Everything we do is about getting our attachment needs met. Most of our strategies are automatic or done with automaticity because that is what has been successful for us in the past. We filter out the stuff we don’t think works, and we do the stuff that we think works, but our automatic responses limit our outcomes, and we have to settle for what we can get. We often settle in our daily living: a young person stays up all night on their computer and can’t get up for school. They met their attachment needs last night but they are unable to meet their attachment needs today.
When we parent, we attempt to guide our children through this process.
Human brains are organized and structured to do things repetitively, and all of our biorhythms are established by evolutionary principles over thousands and thousands of years. Much of what we do is below the level of consciousness, below the level of decision-making. So we find ourselves with processes that lead in a certain direction, and we talk and think about, and sometimes want to change them, but when push comes to shove, when we’re stressed, when we can’t get our cognition to work because we’re anxious or upset or traumatized – we fall back on established principles that have organized our decision-making. We act in a way that is habitual, though it appears to us to be free will. Perhaps we find ourselves going in the direction that we’d rather not go.
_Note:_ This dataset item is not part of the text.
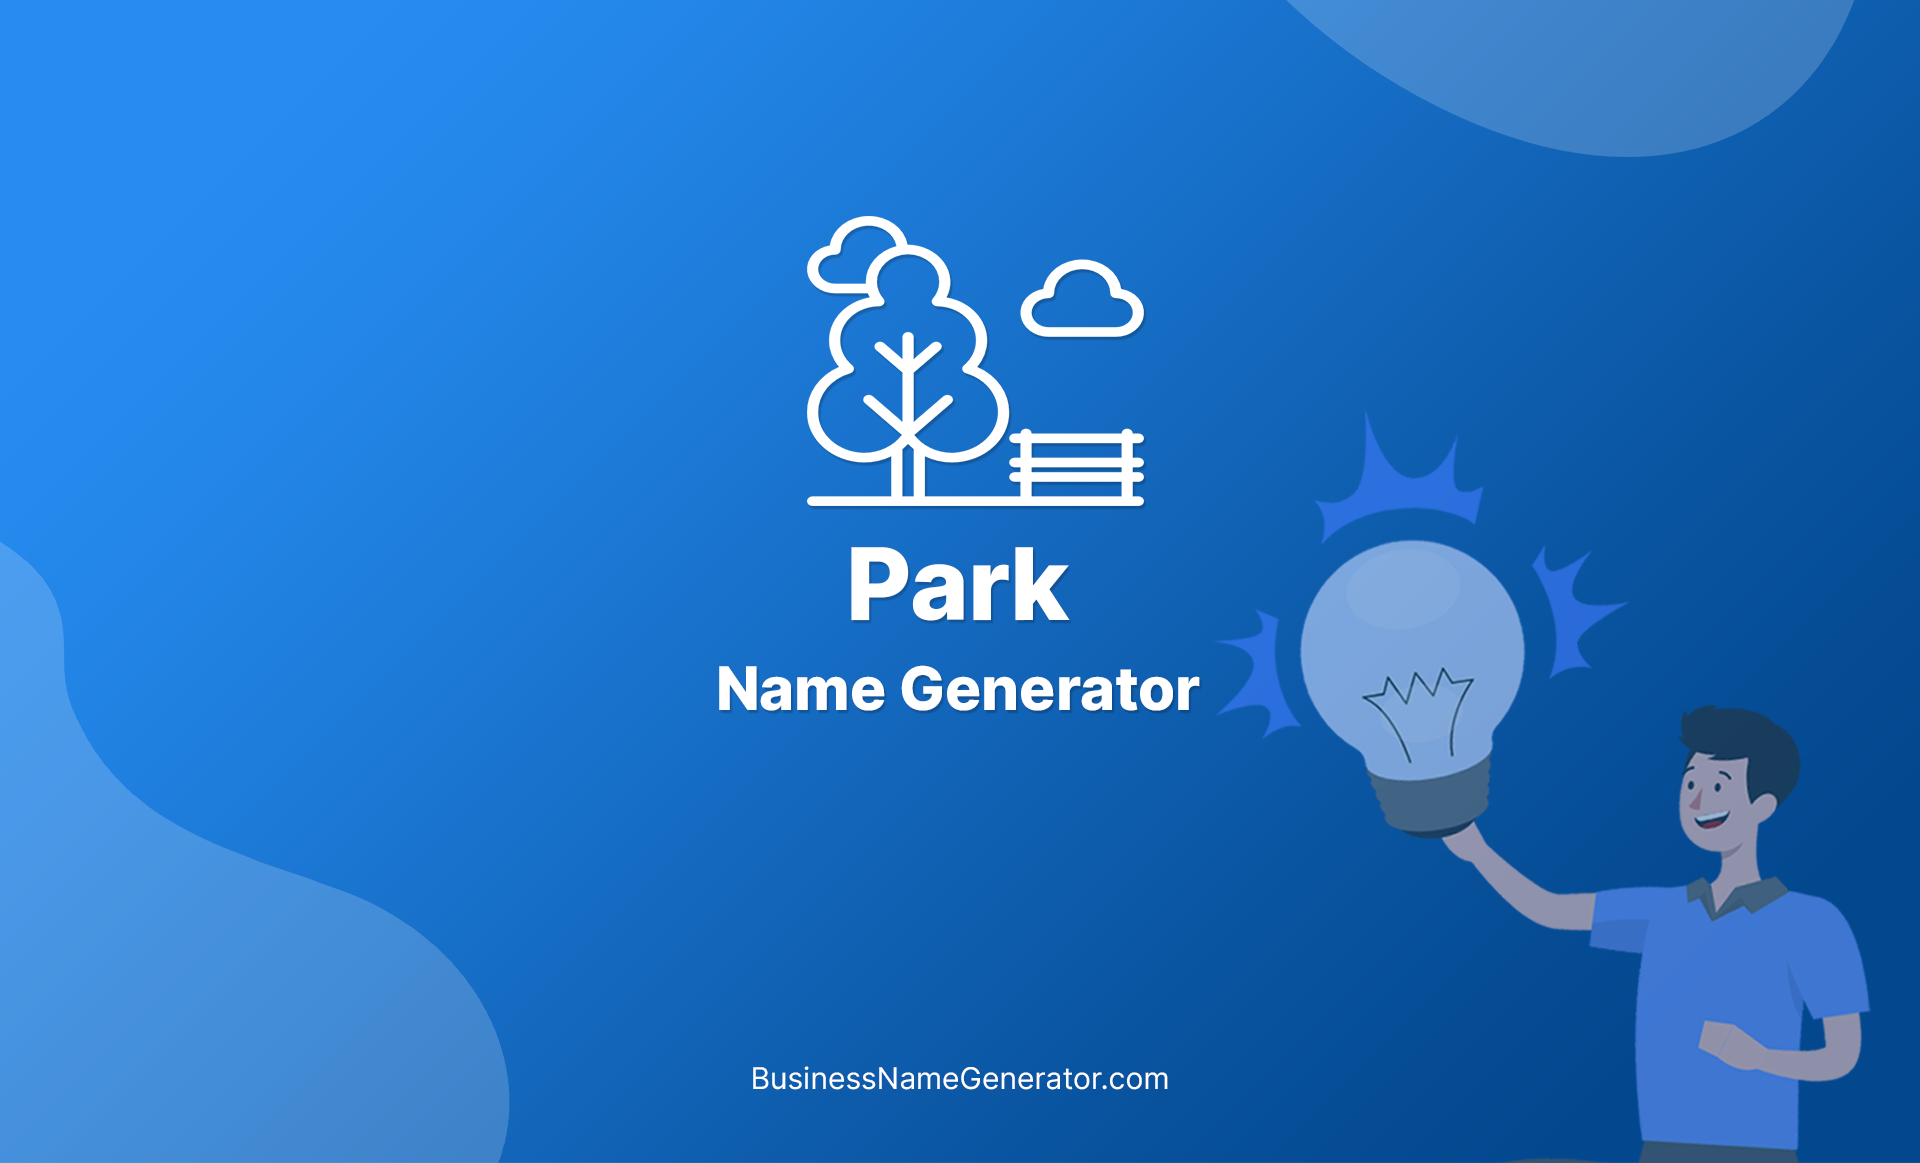 Park Name Generator
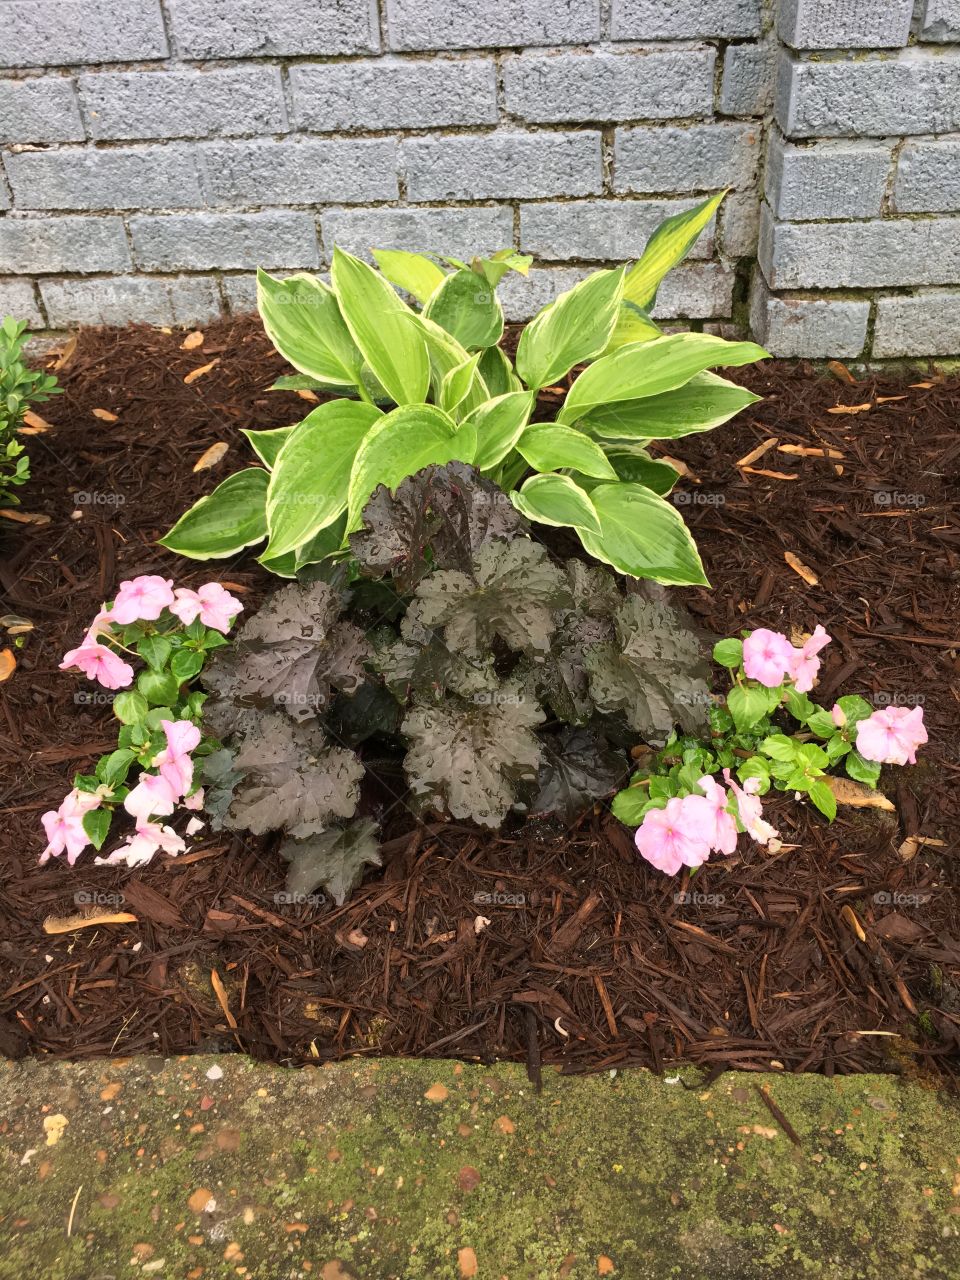 Garden arrangement

Trying to bring our actions from an automatic response into the decision-making realm is a difficult process.
We may recognize our habitual behaviour, but because of the automaticity of our thinking process we often cycle around in a big circle.
In a similar vein, we might assume our children are acting in some way on purpose, or as a result of a deficit, when in actuality they are stuck in a pattern of automaticity, and the behaviour has become a habit.